* EXERCISE DATA *
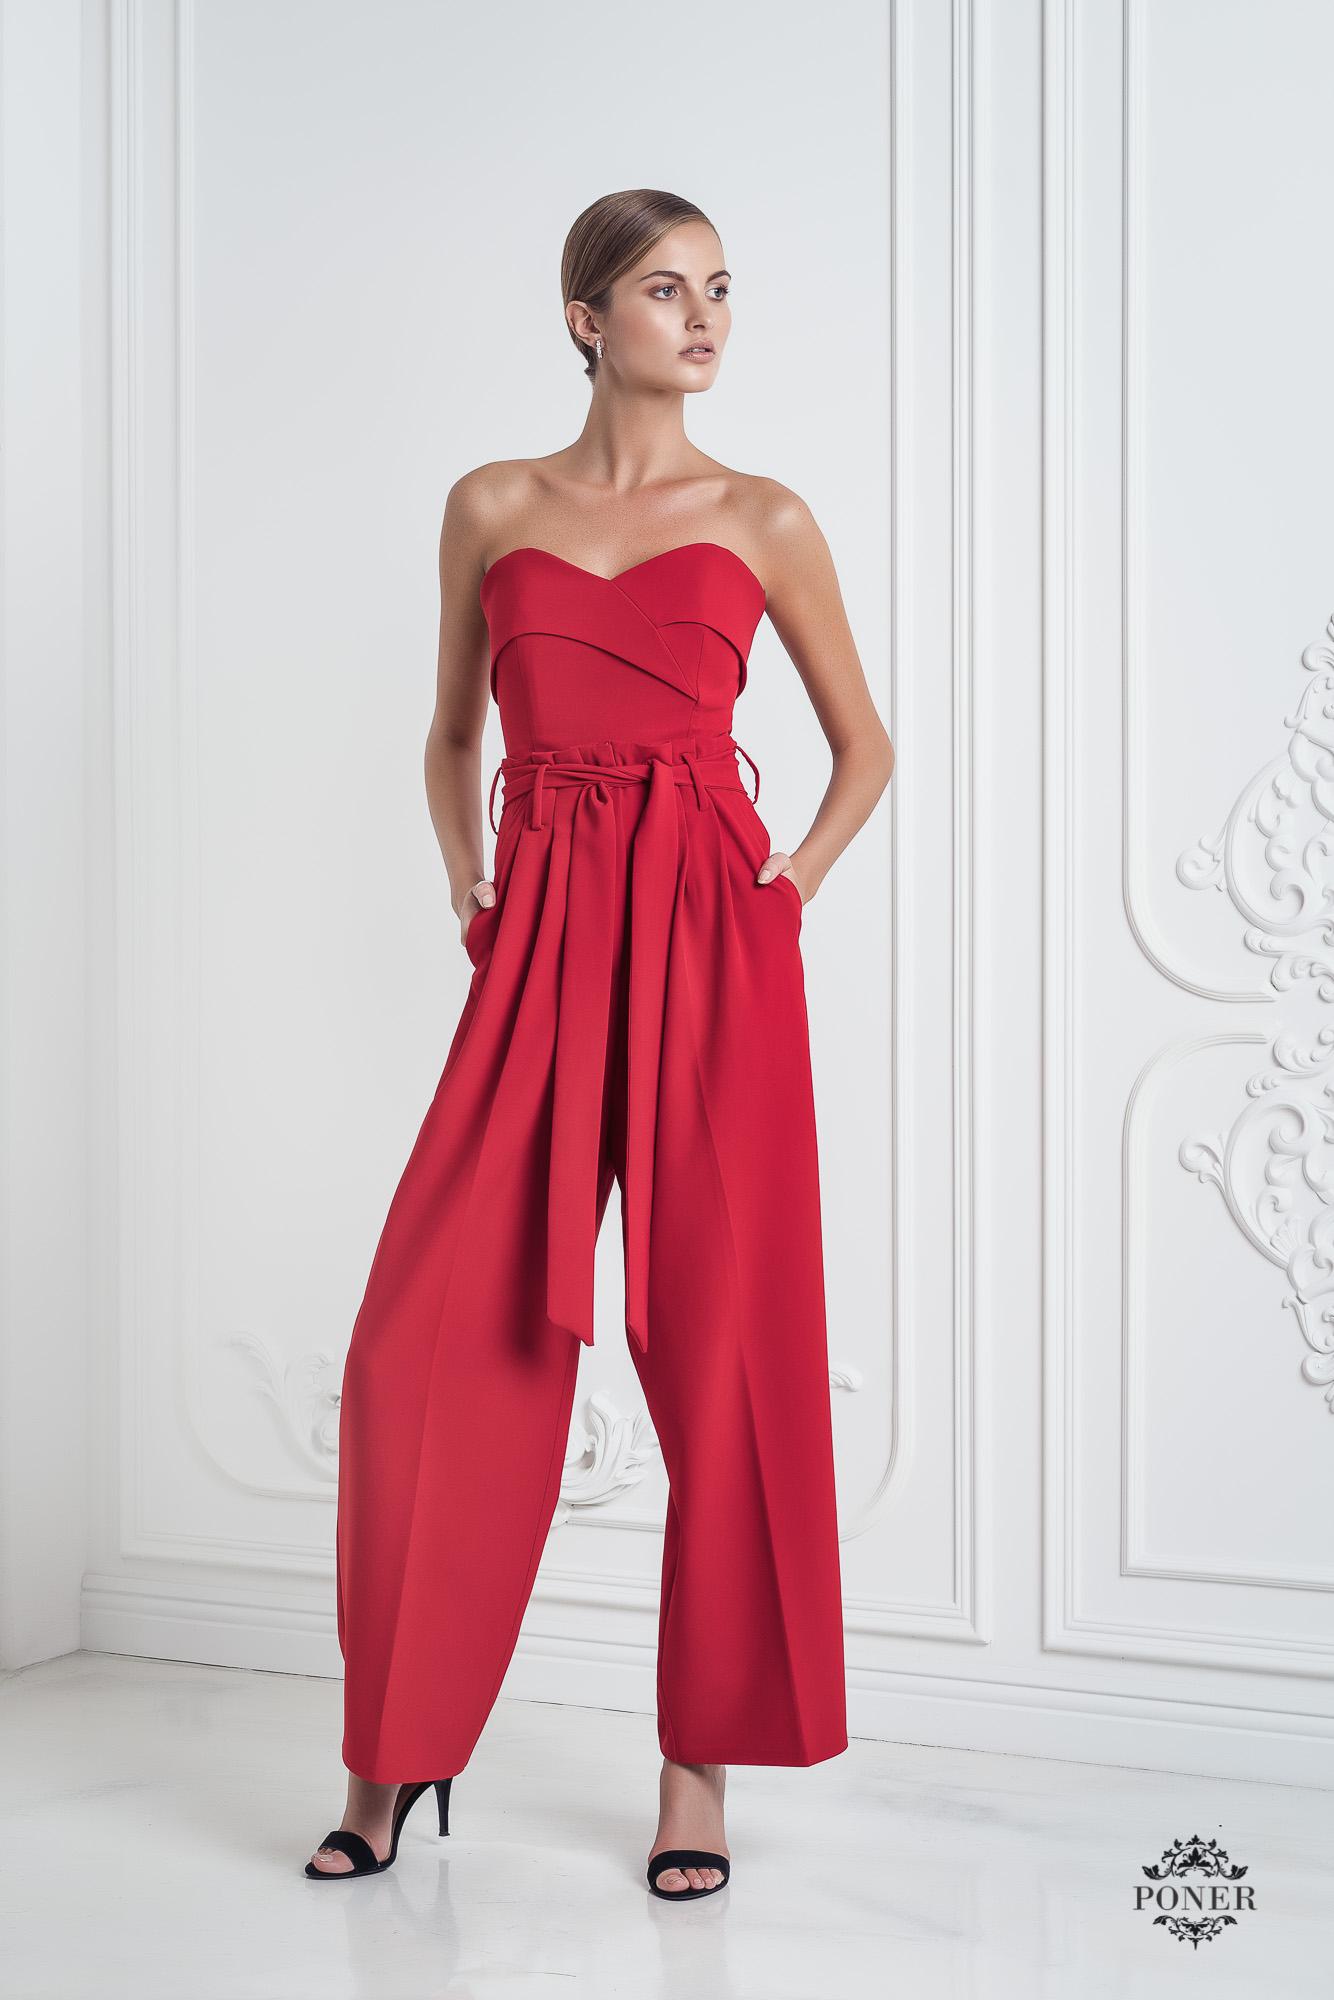 poner-fashion2018 (7)
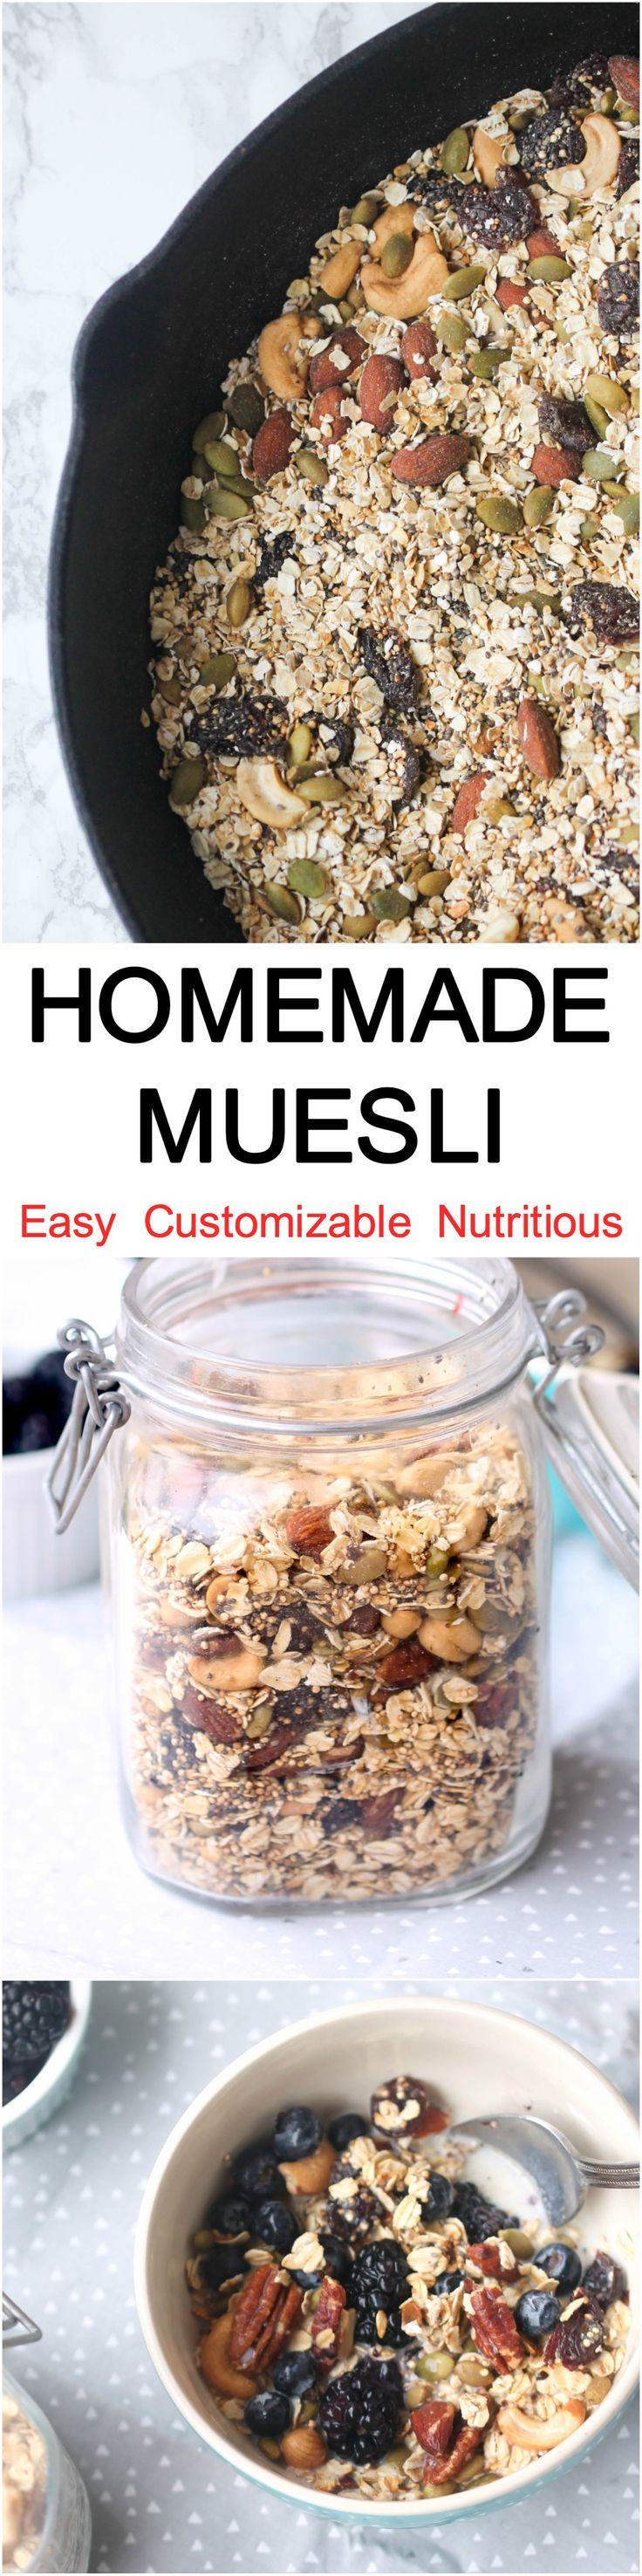 Homemade Muesli – quick, nutritious breakfast and snack option! Vegan and Gluten-Free.
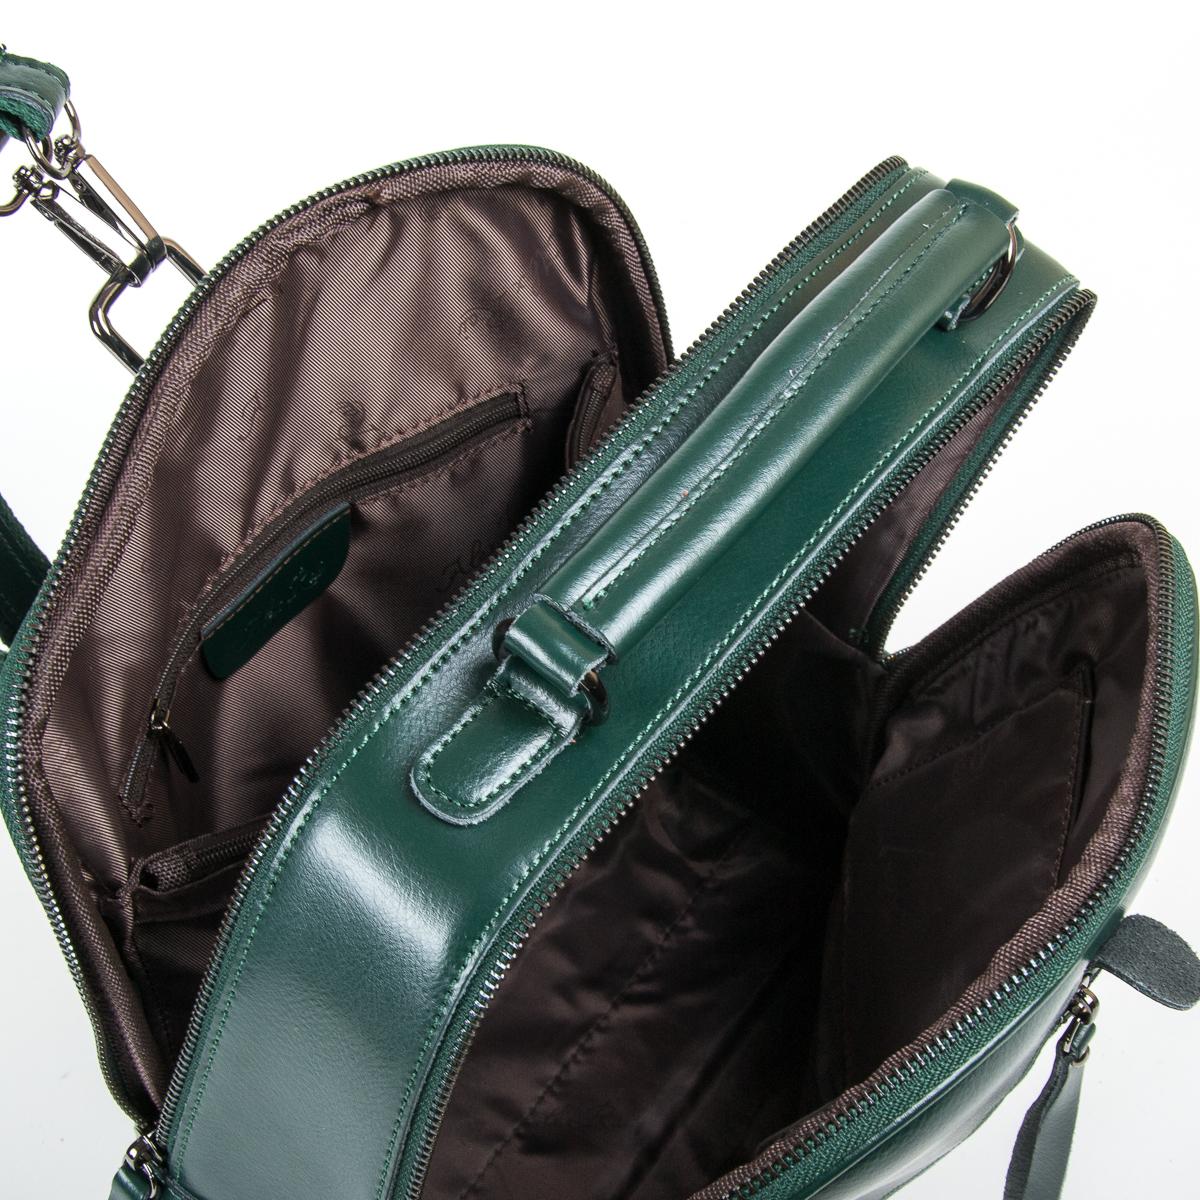 Сумка Женская Рюкзак кожа ALEX RAI 9-01 8694-3 green - фото 5

* TASK STATEMENT *
Print the listing word for word, but omit the pictures.

* RESPONSE AREA *
 poner-fashion2018 (7)
 Homemade Muesli – quick, nutritious breakfast and snack option! Vegan and Gluten-Free.
 Сумка Женская Рюкзак кожа ALEX RAI 9-01 8694-3 green - фото 5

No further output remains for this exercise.